O presidente do Sindicato dos Policiais Civis de Pernambuco, Rafael Cavalcanti, afirmou que o alto número de inquéritos de homicídios sem solução é resultado do déficit de profissionais da segurança.
“A criminalidade vem aumentando e faz tempo que o efetivo da Polícia Civil é praticamente a metade do que deveria existir. O próprio Pacto pela Vida afirmava que, em 2015, deveríamos ter 10.500 policiais civis na ativa. Mas, hoje, nós temos 6.300 entre todos os cargos (agentes e comissários)”, pontuou Cavalcanti.
“O policial está adoecendo e não tem assistência da própria instituição. Adoece por causa de assédio, adoece por falta de estrutura, adoece porque ele é removido simplesmente por se negar a fazer coisas que não são competência dele. Temos uma das piores estruturas do País. Delegacias estão caindo aos pedaços. Diante dessa realidade, não poderíamos obter um resultado diferente. Falta efetivo para investigar os crimes”, completou.
Outro inquérito ainda sem solução é o da morte de Victor Kawan Souza da Silva, de 17 anos. Ele e um amigo seguiam de moto por Sítio dos Pintos, na Zona Norte do Recife, quando passaram por policiais militares. Houve uma perseguição e, pouco depois, Victor, que estava na garupa, foi baleado no peito. Ele morreu na UPA da Caxangá.
A Polícia Militar alegou que o tiro foi disparado porque, durante a tentativa de abordagem, os garotos teriam reagido. Mas a família nega e, quase cinco meses depois, ainda aguarda o resultado da investigação. “Até agora a gente não sabe o que de fato aconteceu. Vamos continuar pedindo justiça até que o caso seja resolvido”, disse a mãe da vítima, Janaína Souza. A 5ª Delegacia de Polícia de Homicídios segue investigando o caso.

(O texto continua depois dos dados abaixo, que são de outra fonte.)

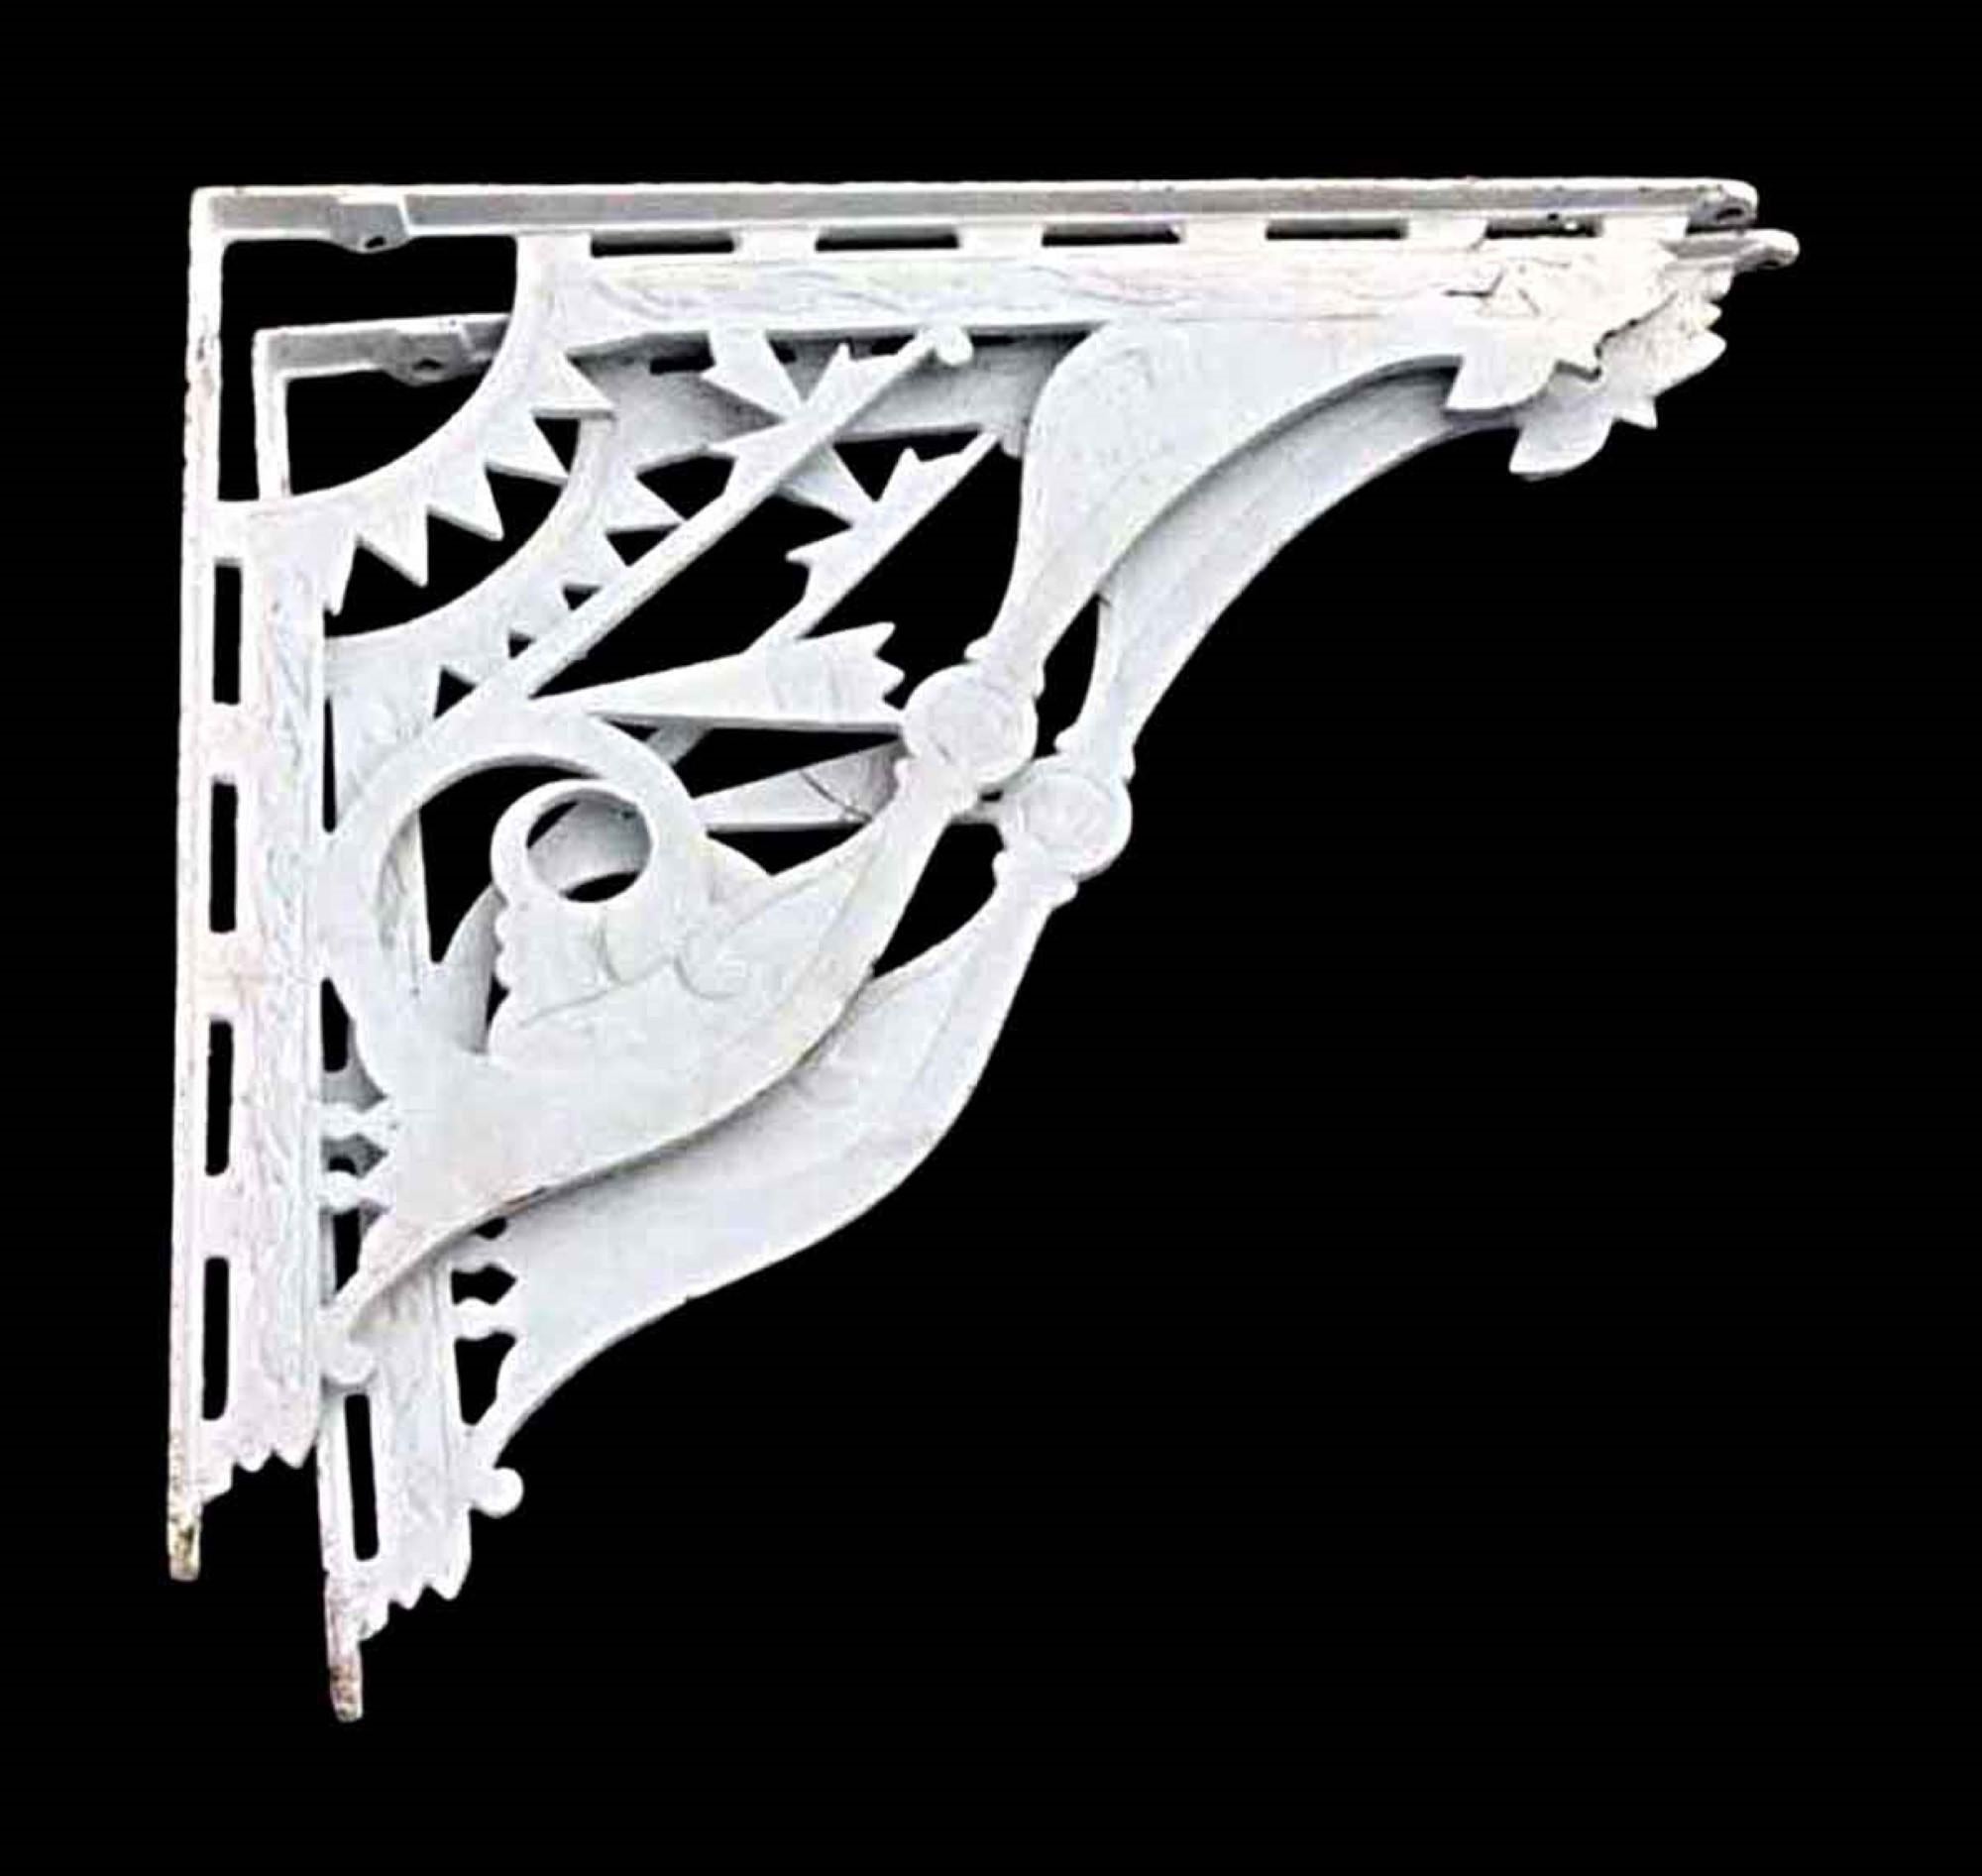 Antique Eastlake cast iron shelf brackets from the 1890s painted white. Sold as a pair. This can be seen at our 400 Gilligan St location in Scranton, PA.
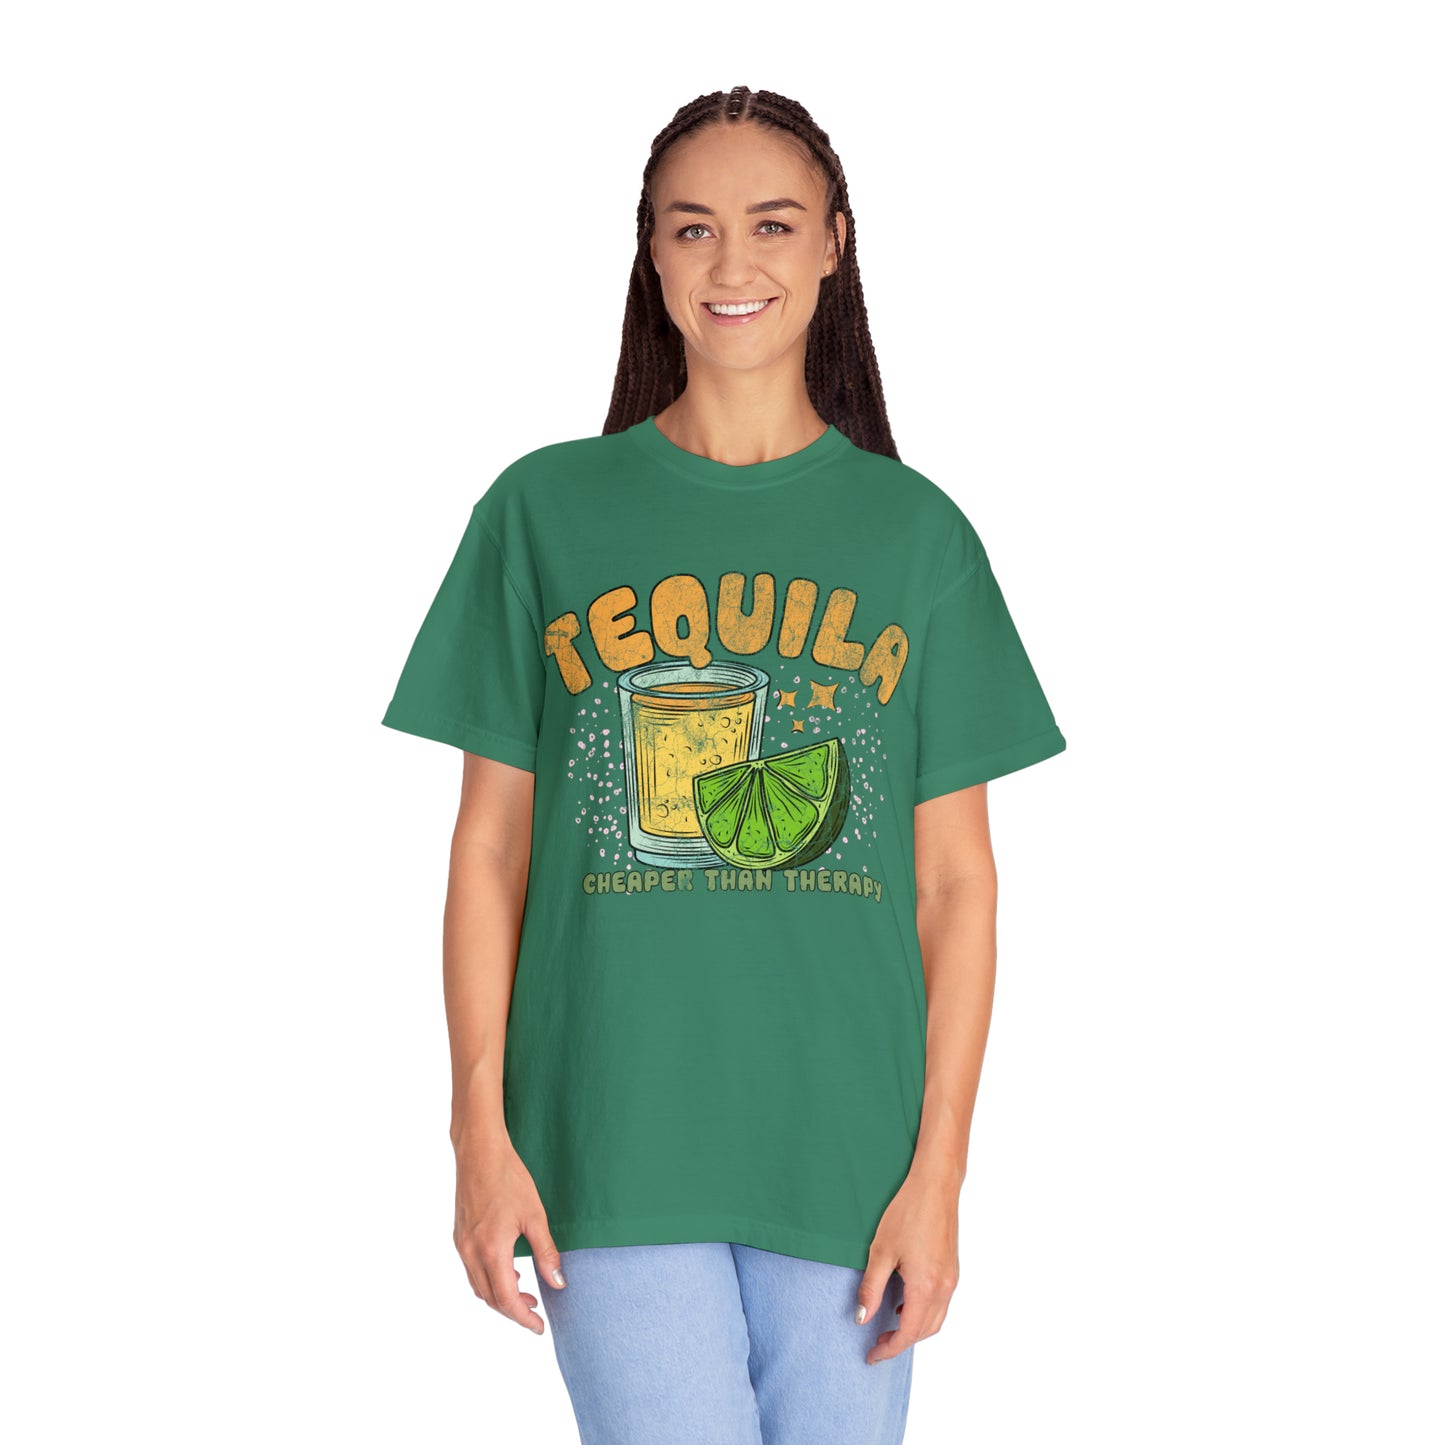 "Tequila, Cheaper Than Therapy" Comfort Colors Oversized T-shirt

Em nota, a Polícia Civil afirmou que tem priorizado as investigações de homicídios no Estado. “Ações adotadas em 2017, quando o Estado iniciou a aferição desse indicador, fizeram com que Pernambuco ultrapassasse, nos anos seguintes, a casa dos 64% de resolução. A meta é superar essa taxa a cada ano, reduzindo a impunidade, prevenindo crimes e trazendo conforto às famílias das vítimas”, pontuou a nota.